Tuesday, February 5, 2013

Damn good albums - The New Despair


After some careful thought, I've decided on a kind of format for at least some of my posts, which will be prefixed in the title with the words 'Damn Good...' followed by whatever it is I'm going to be talking about that I consider to be 'Damn Good'. I figure that mostly albums, movies, books, video games and the like will fall into this category from time to time, and those things that I think deserve a special category all their own like E.C. Comics, or my short love affair with Charmed, or Choco-Tacos will have their own entries.

Look. I know these are just some low-quality ice cream shoved into a taco shell waffle cone in order to make me feel special. But damn it all, it works!

So anyway, on to my post. To be completely honest, The New Despair by The Gothic Archies wasn't what I had originally planned on talking about for my first album, but it just crept up on me, the same my love for Stephen Merritt's songs did, when I first listened to 'Your Long White Fingers' on The Adventures of Pete and Pete.

The song itself was an instrumental variation, but the meaning was clear. It played whenever Pete or Pete had been faced with an existential quandary, and were forced to temporarily submit to defeat. Everything is magnified when one is going through adolescence and childhood, and as slight as the set-backs would be to an adult witnessing them, to a kid they would be utterly devastating.   

I didn't know it who did the song at the time, but the first time I heard the wispy, melancholic notes of that harmonica in the opening of the song, I knew I had found something special. Indeed, it wasn't until several years after the fact that I stumbled upon the album that I have just provided a link too above, that I realized who did that track that touched not only me, but every other kid who at one point in his life or another suffered a road-block to achieving what he wanted.

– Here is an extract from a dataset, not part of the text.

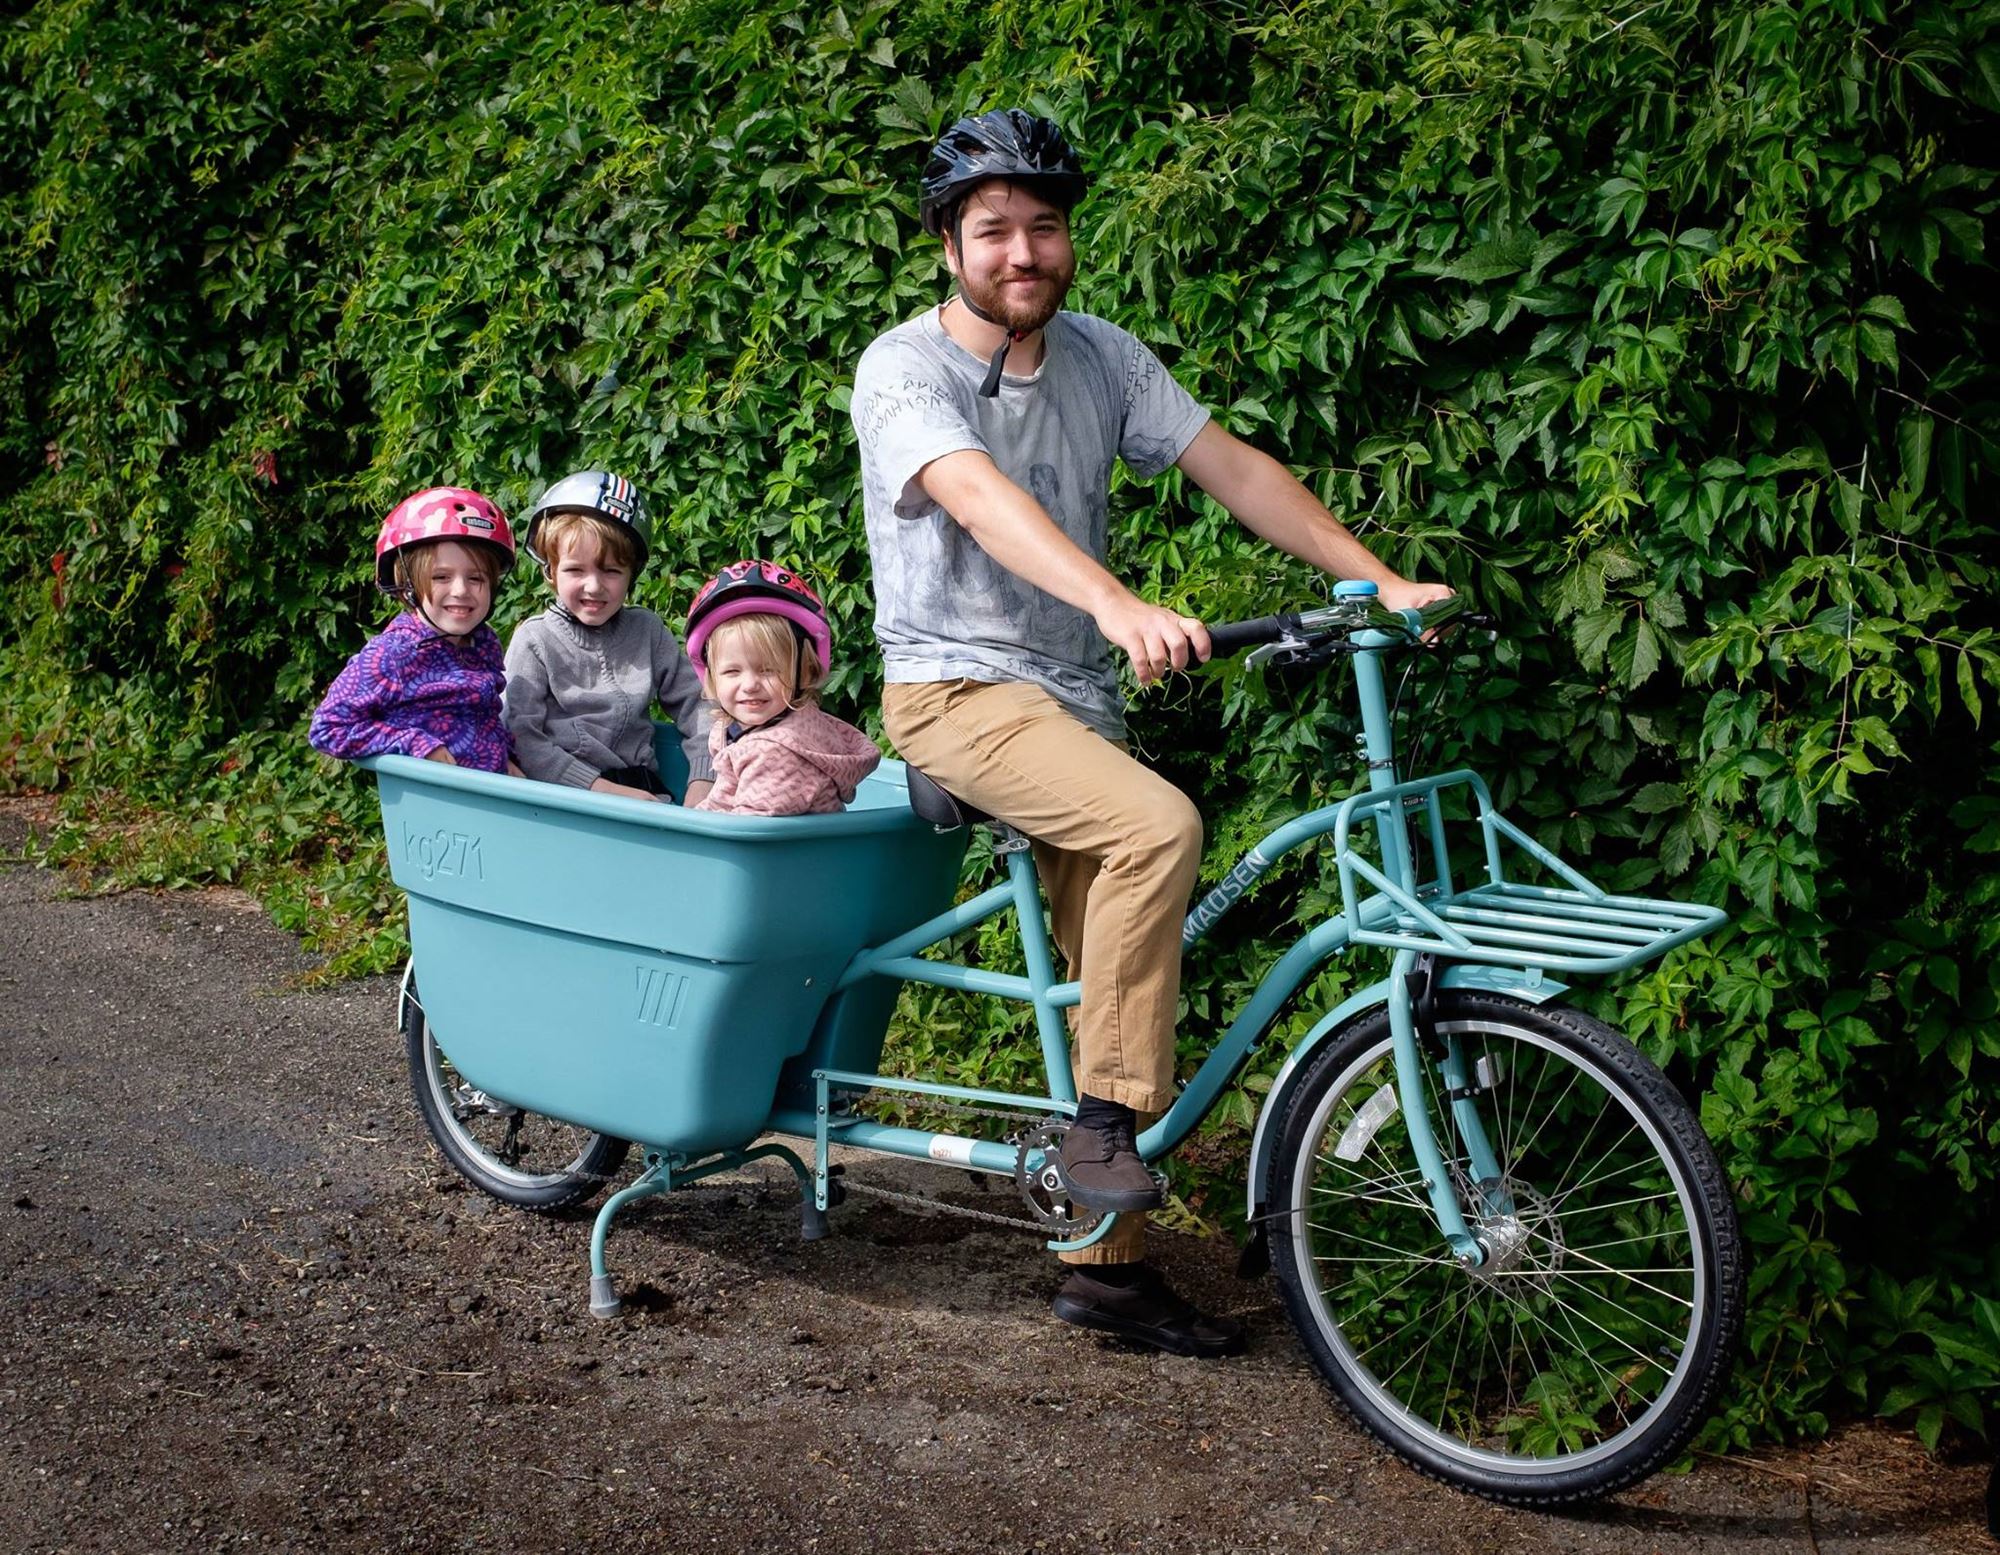 Profile with kids and bike
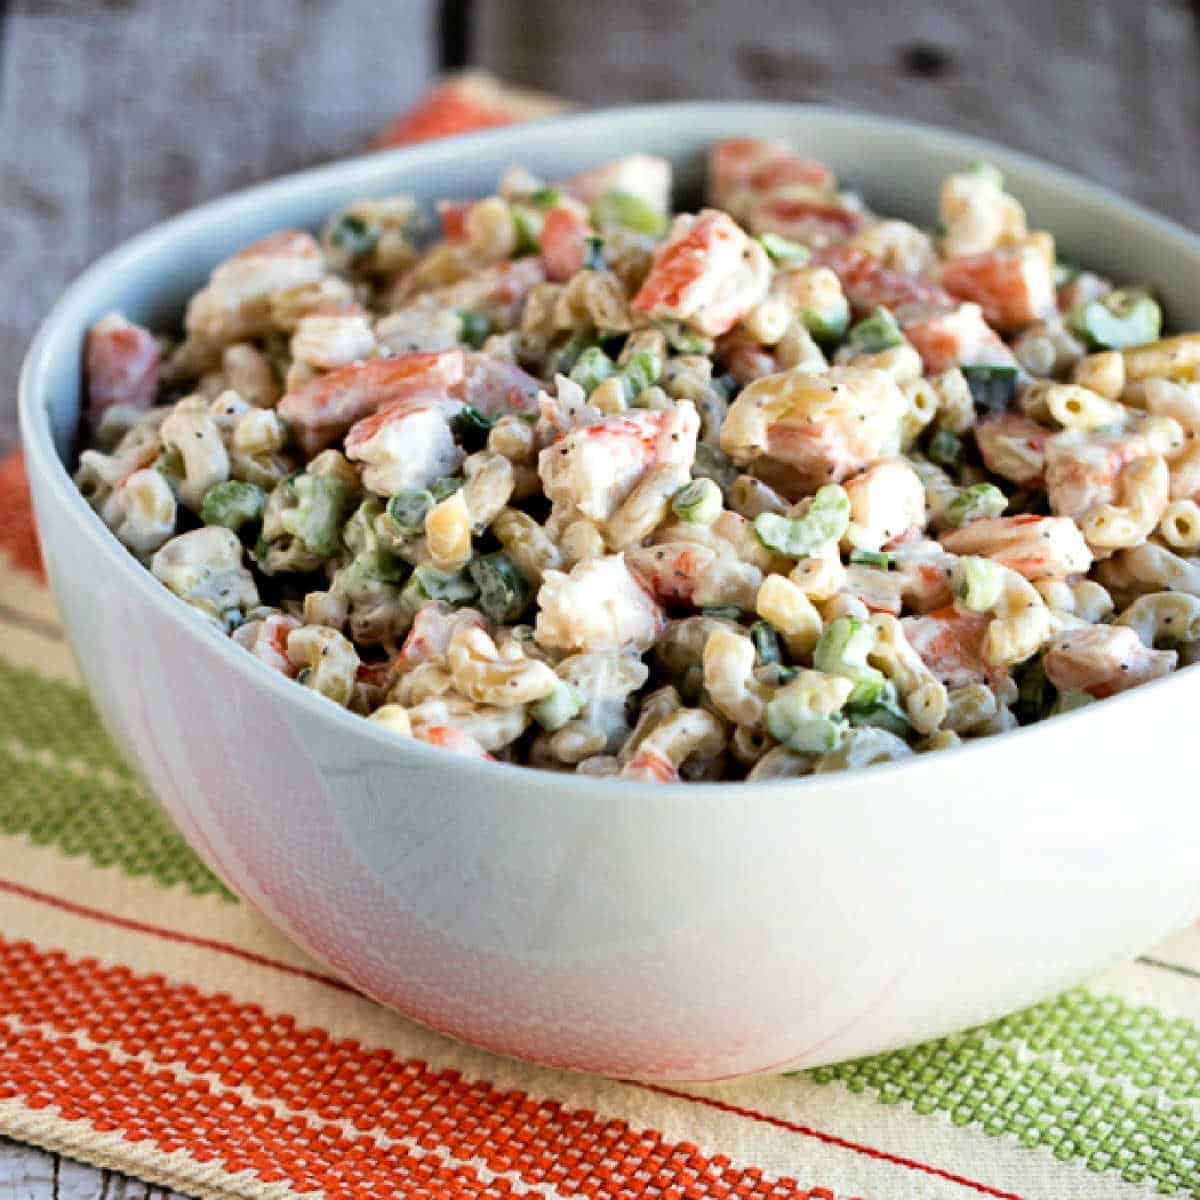 Square image of Family Favorite Shrimp and Macaroni Salad shown in serving bowl on napkin.

It was a difficult choice to decide whether or not I wanted to look for more tracks by The Gothic Archies. Did I risk the chance that perhaps I would only care about that track? That I would think that the rest were garbage? It was a serious dilemma. Finally, I took the plunge, and I sought out their first album proper 'The New Despair'. I haven't regretted it since.

Can you feel the misery through my fish-eye lense?

According to their website, The Gothic Archies is not unlike Merritt's other major long-running project The Magnetic Fields, but the major difference is that hope is entirely snuffed out on the recordings in the face of the former. In fact, the whole of the album is so downright maudlin that it comes across as farcical instead of actually depressing.

Indeed, the name of the band itself is taken from 'The Archies' and the words 'Gothic Architecture' and it works so very, very, well. Merritt sings in a voice that would make Darth Vader seem cheerful as upbeat bubble-gum pop plays in the background, lamenting the love life of Tiny Goats and lovers on their final legs. On the surface, it's absolutely hilarious, but there is a certain je nais se... to some of the lyrics, even shining through the ludicrousness of the tracks:

'The truth is as sudden as a hailstorm
And guides weary sailors to the maelstrom'

I know, I know, lovers who are standing on the edge of a precipice, nothing but the torrential fury of the sea to greet them below who would dash them against the rocks if they fell. As an allegory of the pains of love is about as kitschy as plastic pink flamingos in your front yard, but I can't help but like the image. Maybe I read too much Shelley as a kid.

But that doesn't touch on why I chose this album first. It was just a few days ago. Chris and I and the members of our merry band of misfits were going to record, and I didn't have the car. 

So instead, I borrowed the only bicycle I had access too, a mauve colored girls bicycle with a very thin and uncomfortable seat. Having a few days worth of scruff on my face and neck, and slumping over somewhat from work earlier that day, I looked like a rather grimy fellow who purloined girls bicycles from their yards in order to make money.

As I hoisted myself on the bicycle, it groaned under my weight, and its breaks squealed and balked at the slightest application. Aware of how ridiculous I must have looked, I began my trek towards Chris' place, the roads leading to his house being very sparsely lit by street-lights every quarter of a mile or more. As twilight fell and I peddled on my way, with only my iPod shuffle to keep me company, a thick fog began to come in from the shore.

The fog rolled against the ground, obscuring the pedals of the bicycle and the road that I road on, just as this happened, the first solemn bars of 'Your Long White Fingers' began playing, and I remembered I had the album present on my iPod. I turned it to the album, and listened to it all the way through, relishing in the the ludicrous songs as I pedaled my girl's bicycle through the horror movie environ, and I realized I had found with glee, my first album to review.

As 'The City of the Damned' began playing, I came across some kids who were shocked to see me ride out of the fog, they stared at my hoboish appearance, the girls bicycle, the fog adding a sort of surreality and creepiness to the otherwise ridiculous scene, I looked at them, they looked at me, and I tilted my head up, cackling madly as I sped away, quickly as I came upon them. I like to think that I scarred them for life, but only time will tell.